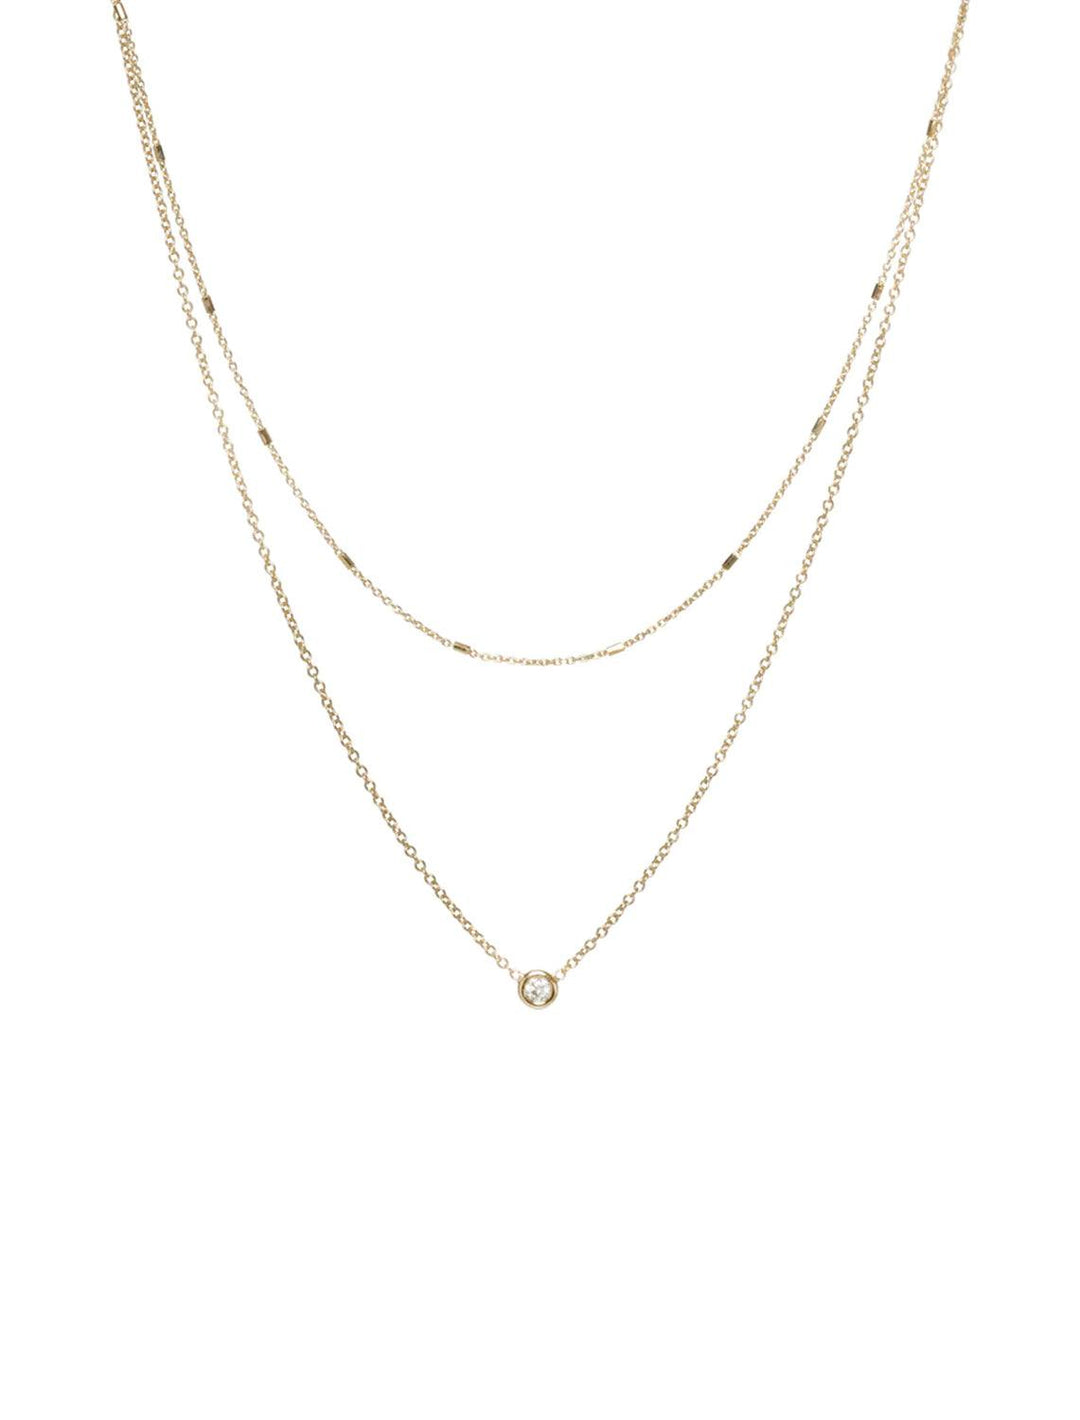 Front view of Zoe Chicco's 14K Tiny Bar Chain and Diamond Pendant Double Chain Necklace in Gold.
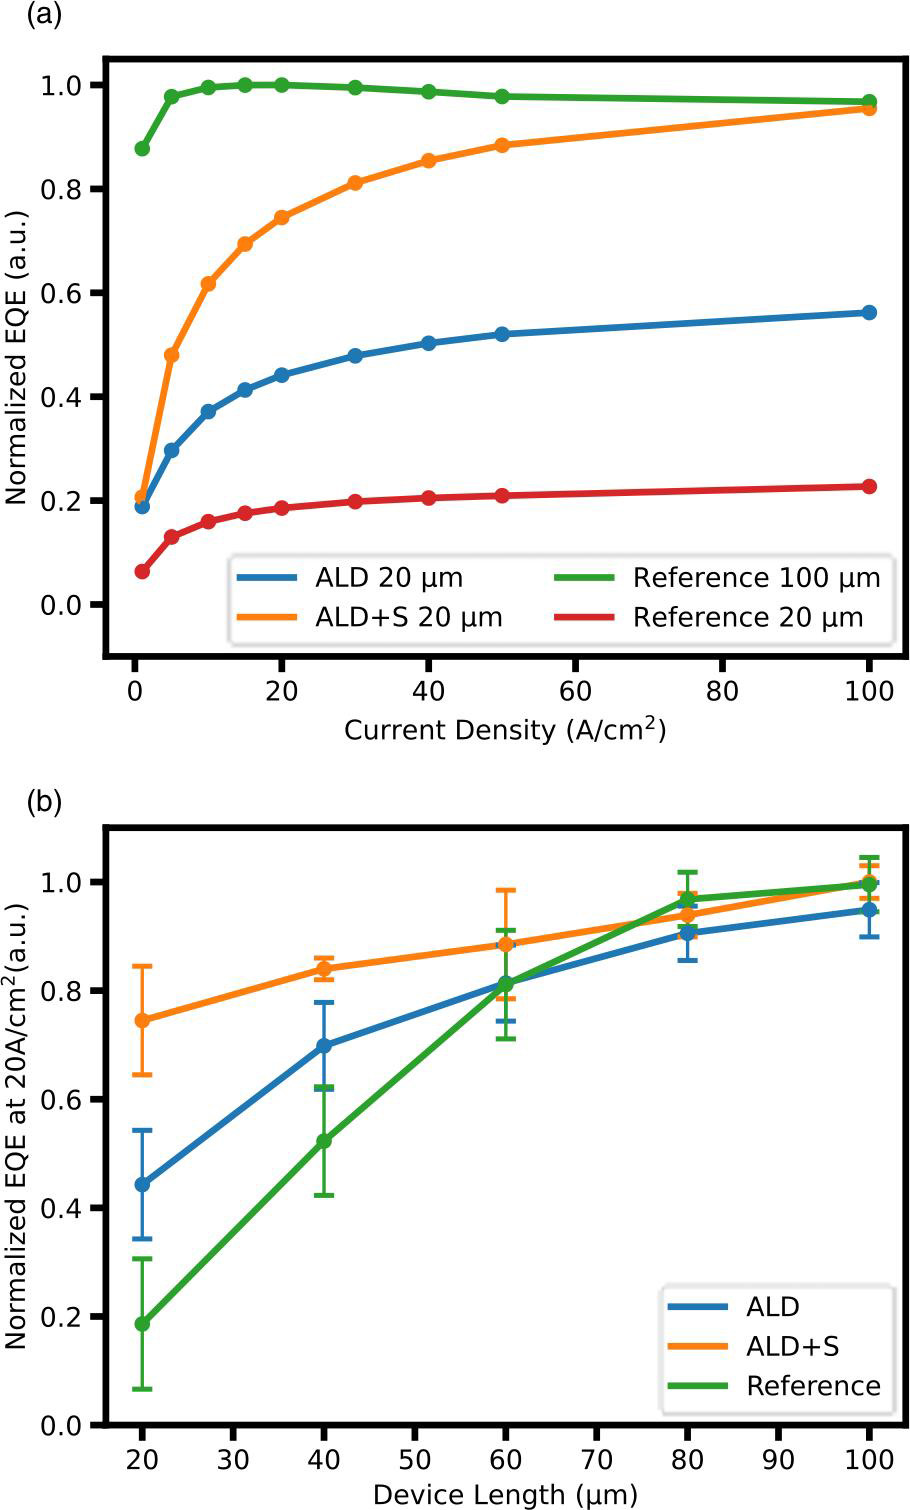 Figure 2: (a) On-wafer EQE performance of AlGaInP LEDs and (b) on-wafer EQE measurements of AlGaInP devices with and without thermal annealing before treating with ammonium sulfide with various side mesas.
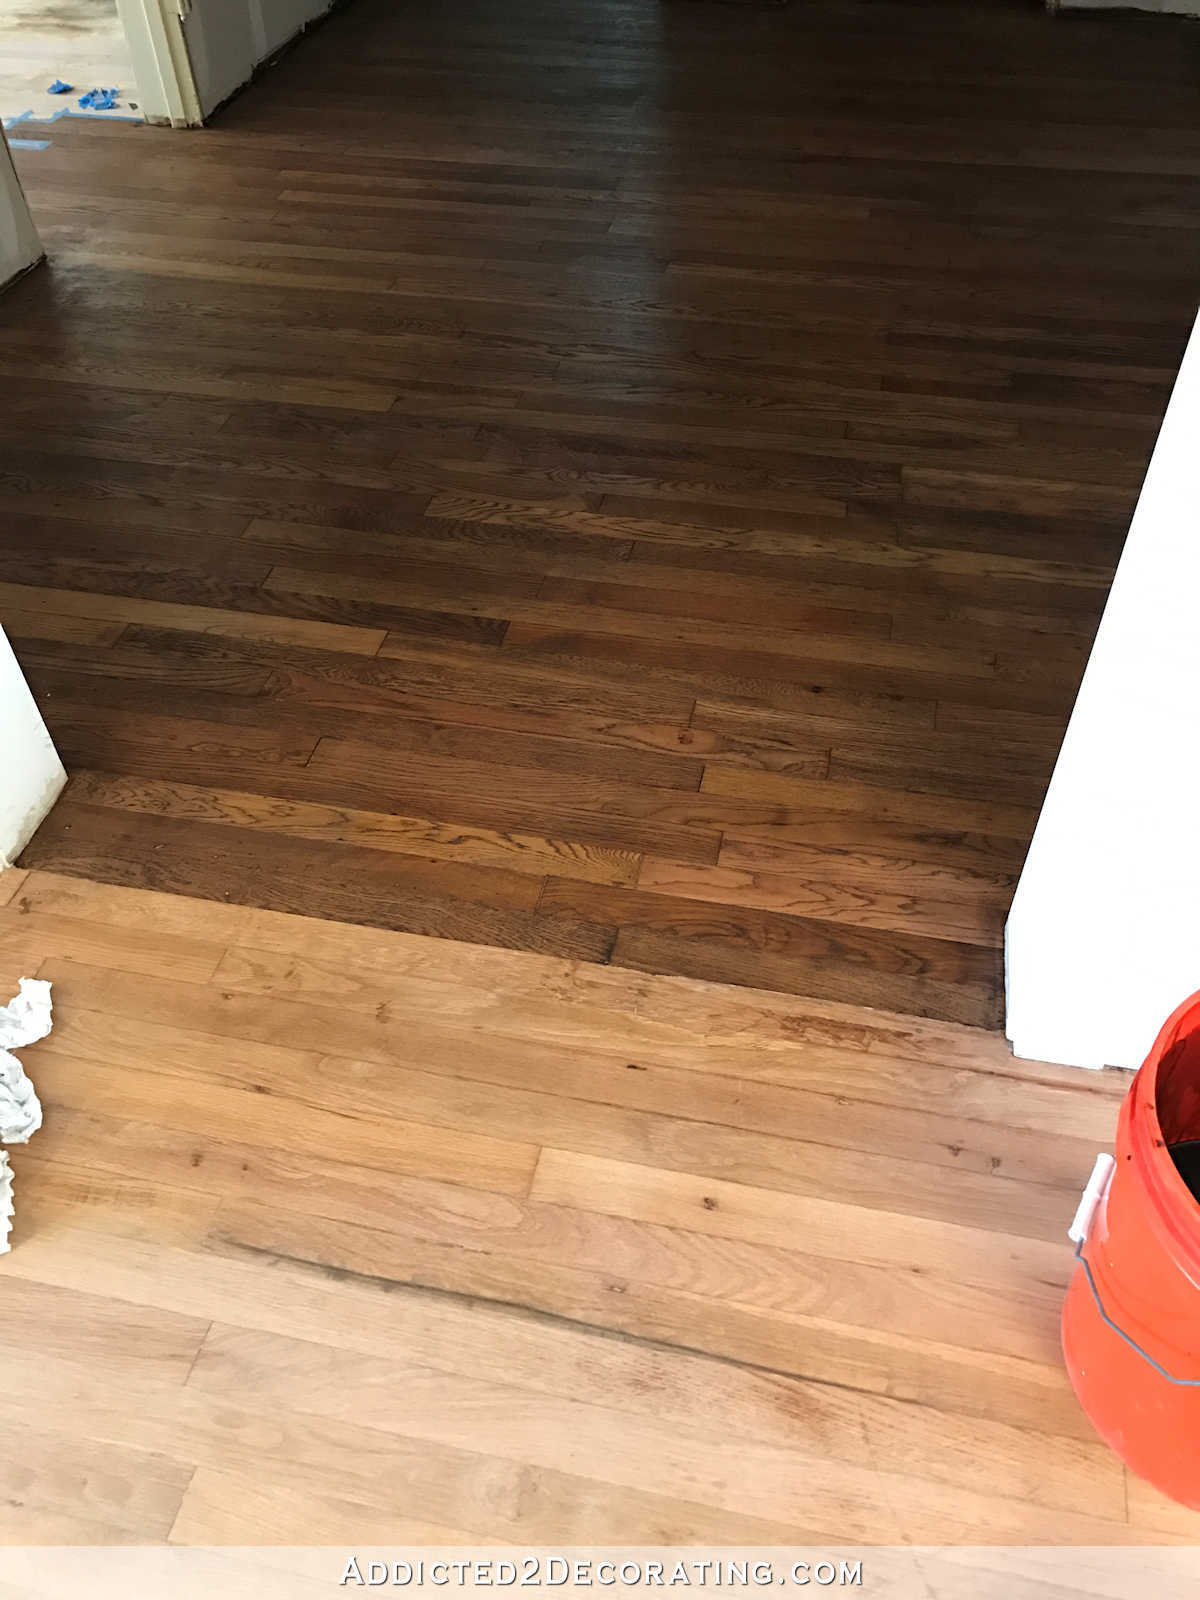 20 Popular How to Refurbish Hardwood Floors Yourself 2024 free download how to refurbish hardwood floors yourself of adventures in staining my red oak hardwood floors products process in staining red oak hardwood floors 2 tape off one section at a time for
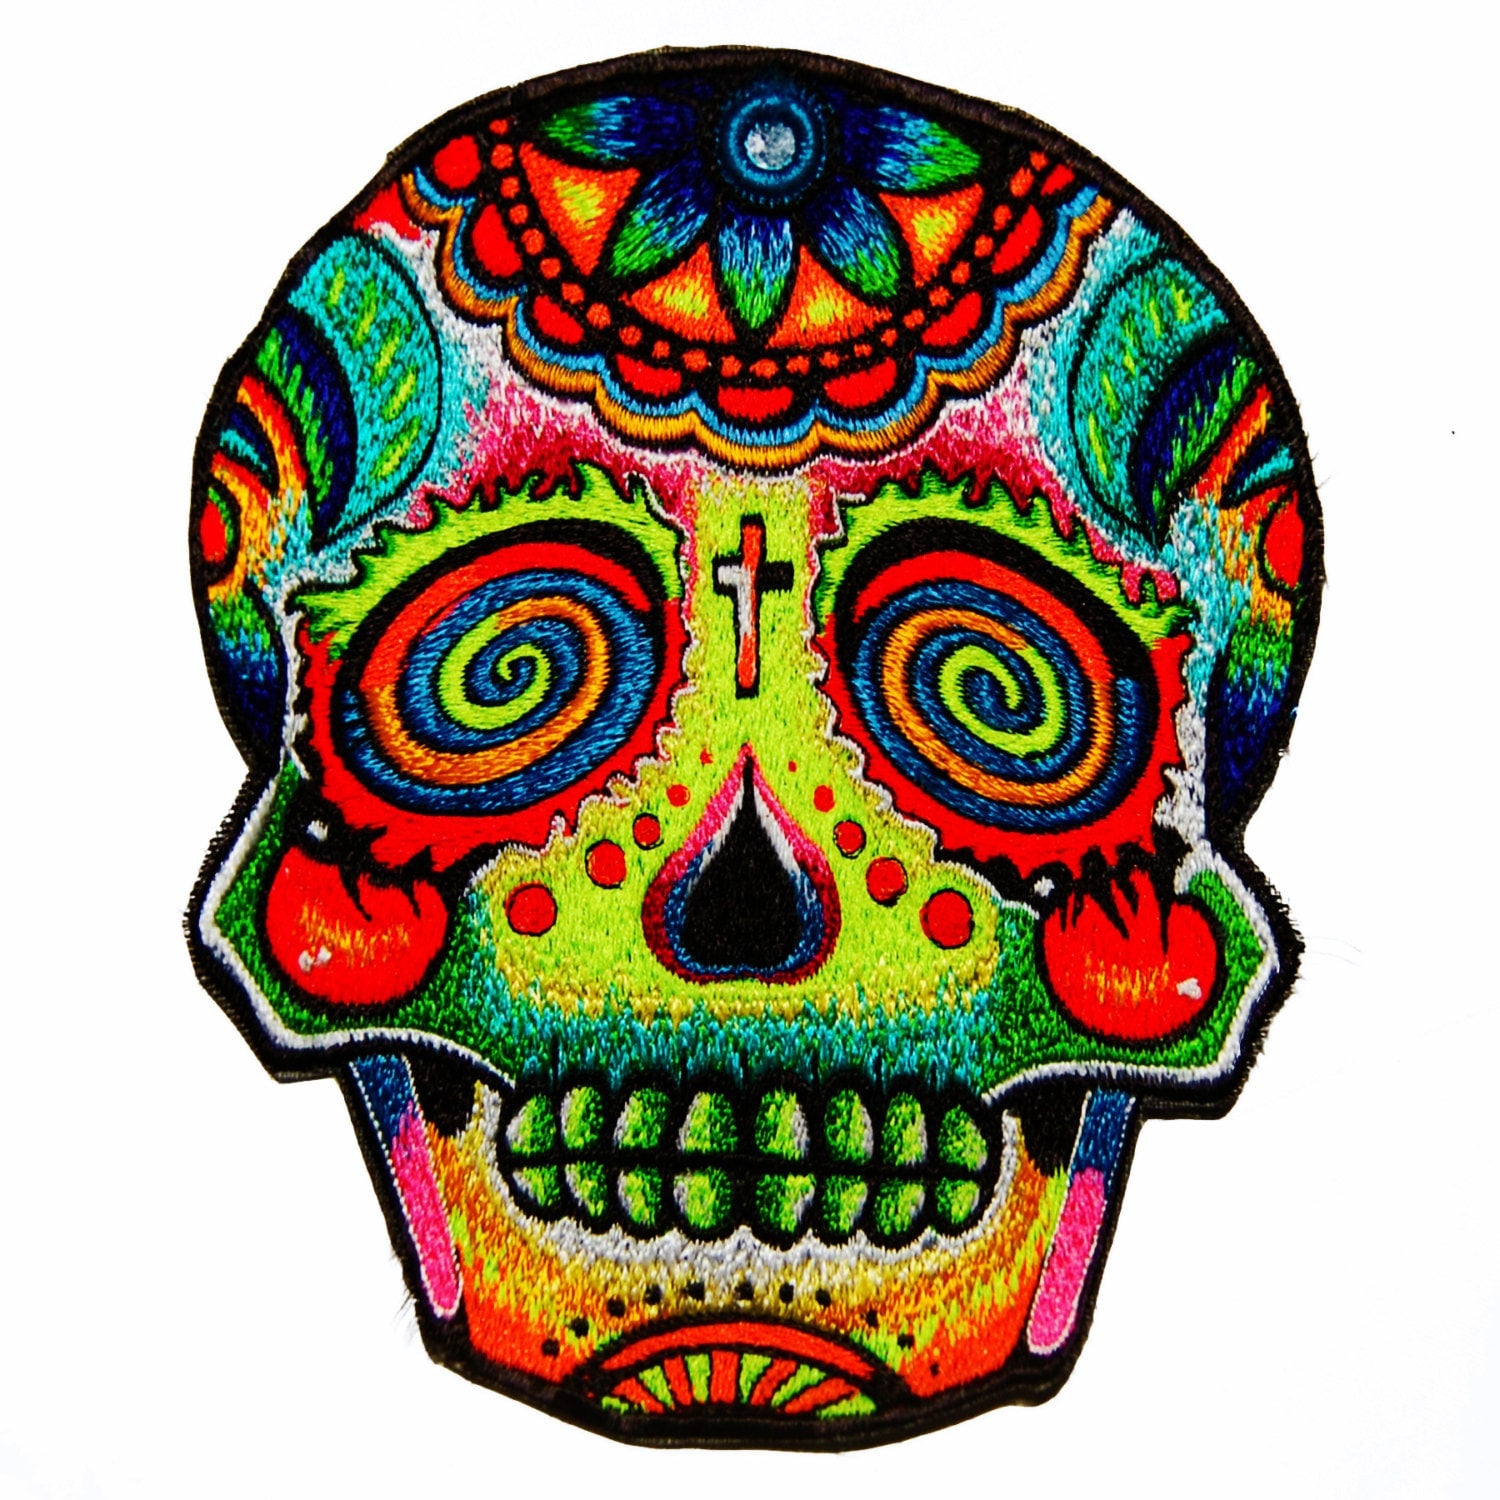 Mirror Skull Patch psychedelic dead blacklight glowing psy embroidery psytrance goatrance grateful deadhead consciousness expansion

****

TASK BRIEF: Return the complete material above exactly, with no picture.

ANSWER FOR THE TASK:
 Front view of Zoe Chicco's 14K Tiny Bar Chain and Diamond Pendant Double Chain Necklace in Gold.
 Figure 2: (a) On-wafer EQE performance of AlGaInP LEDs and (b) on-wafer EQE measurements of AlGaInP devices with and without thermal annealing before treating with ammonium sulfide with various side mesas.
 20 Popular How to Refurbish Hardwood Floors Yourself 2024 free download how to refurbish hardwood floors yourself of adventures in staining my red oak hardwood floors products process in staining red oak hardwood floors 2 tape off one section at a time for
 Mirror Skull Patch psychedelic dead blacklight glowing psy embroidery psytrance goatrance grateful deadhead consciousness expansion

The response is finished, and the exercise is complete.